# Is this snake a white crown snake or a brown?



## garyjoh (Apr 3, 2008)

Well everyone ,
This little snake has caused some controversy on another forum.
Was found in a house up in Rockhampton QLD .
Snake is around 45cm long?
Experts! say its a brown yet others say its a white-crown snake.
Snake was a little agressive on capture but has been released back into the bush.
Any one can say for sure if its one or the other...
cheers


----------



## Magpie (Apr 3, 2008)

It's a crowned snake for sure, the head shape is a dead giveaway.


----------



## Jonno from ERD (Apr 3, 2008)

Yes, it's a White Crowned Snake - Cacophis harrieattae.

Juvenile Eastern Brown Snakes will always have a black band on their nape and a black blotch on the top of their head, and are very rarely, if ever, black in body colouration.

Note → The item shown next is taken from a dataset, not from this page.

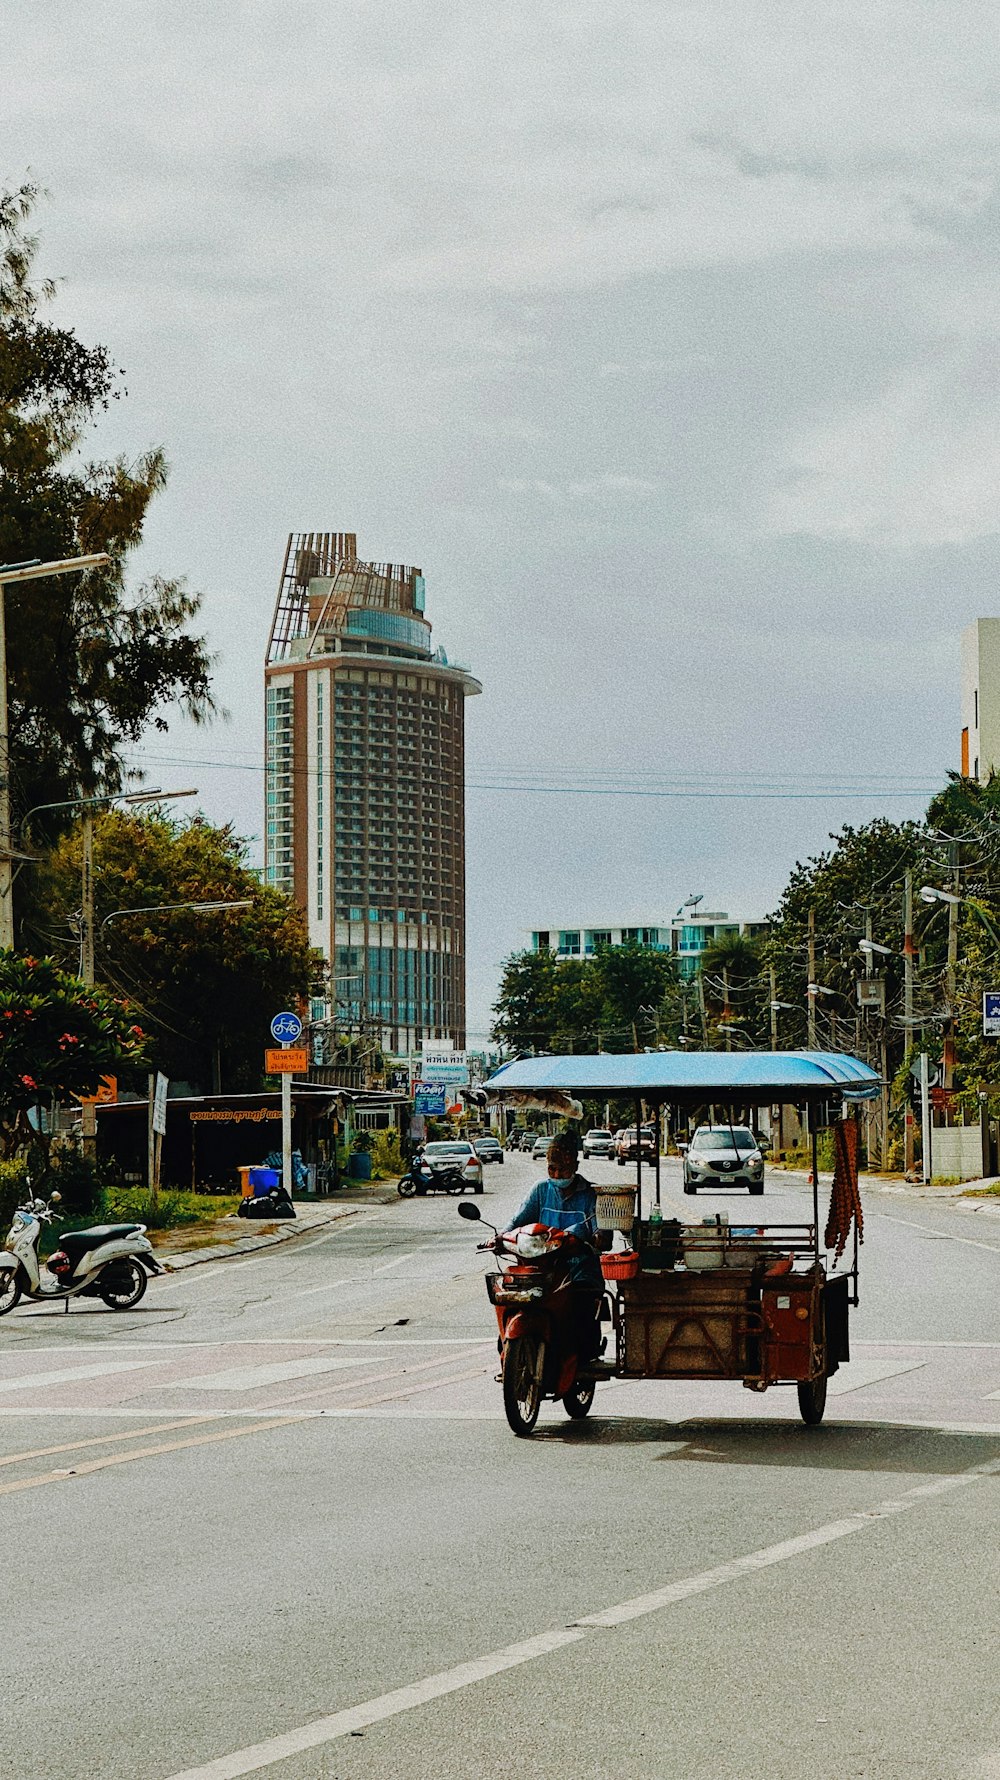 a man driving a cart on a city street
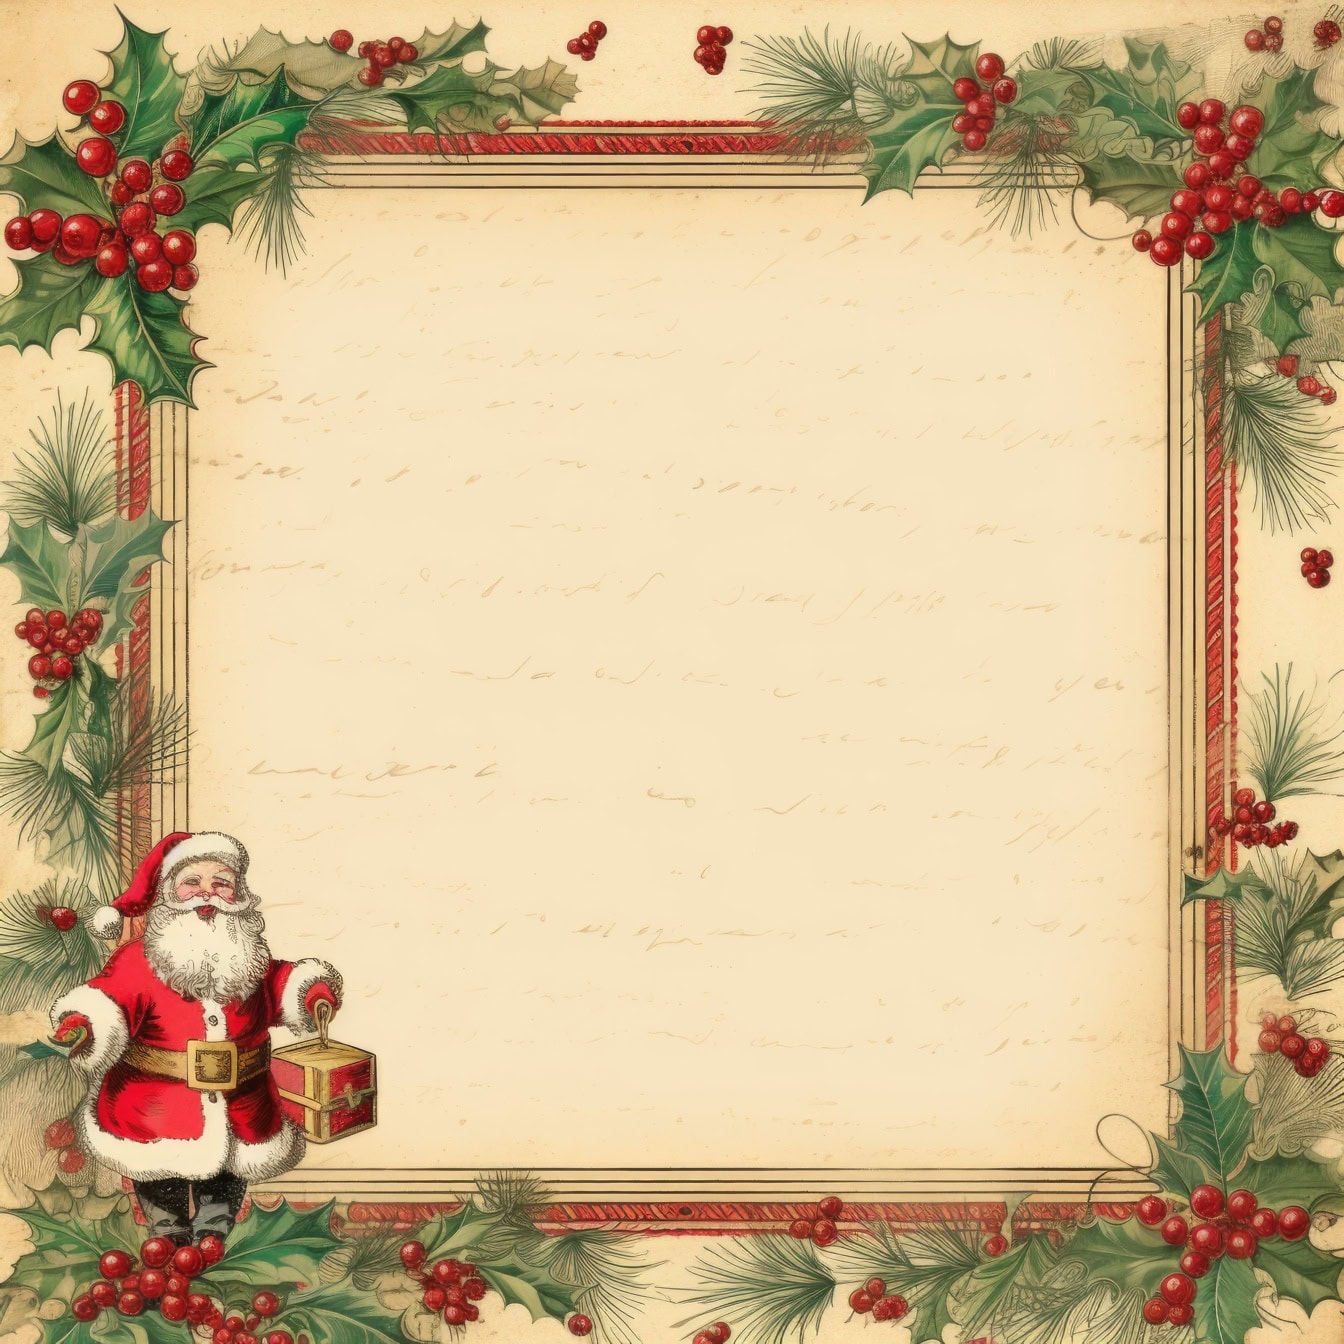 Ένα παραδοσιακό πρότυπο χριστουγεννιάτικης ευχετήριας κάρτας σε ρετρό στυλ με πλαίσιο στεφάνι από πουρνάρι και με τον Άγιο Βασίλη

They most definitely never have a white band on their nape.


----------



## -Andrew- (Apr 3, 2008)

Definately a white crown snake as the crown snakes have that typical stance when being defensive.
Head shape is very different to a brown also.


----------



## WombleHerp (Apr 3, 2008)

whoever told you it was a brown was obviously not trying to hard to identify it :?
its definately a crowned.
as stated before, the head shape, the scales, and the patterning are all obvious for a crowned and yours is a white crowned 





Nat


----------



## $NaKe PiMp (Apr 3, 2008)

how could you mix a crown with a brown how dumb

poor old crown


i got a call to a vet to come look at a juvnile red bellie black,and when i got there was greeted with a glass jar with a young crown snake
they thought it was a black snake

poor ole crown snakes
crown snake in it


----------



## jase75 (Apr 3, 2008)

Yes its def a White Crown Snake.


----------



## ryanharvey1993 (Apr 3, 2008)

awsome find, definately a white crowned snake


----------



## garyjoh (Apr 3, 2008)

thanks everyone for that! I thought it would be but I am no snake expert.
Little fellow is now at a new location away from houses..


----------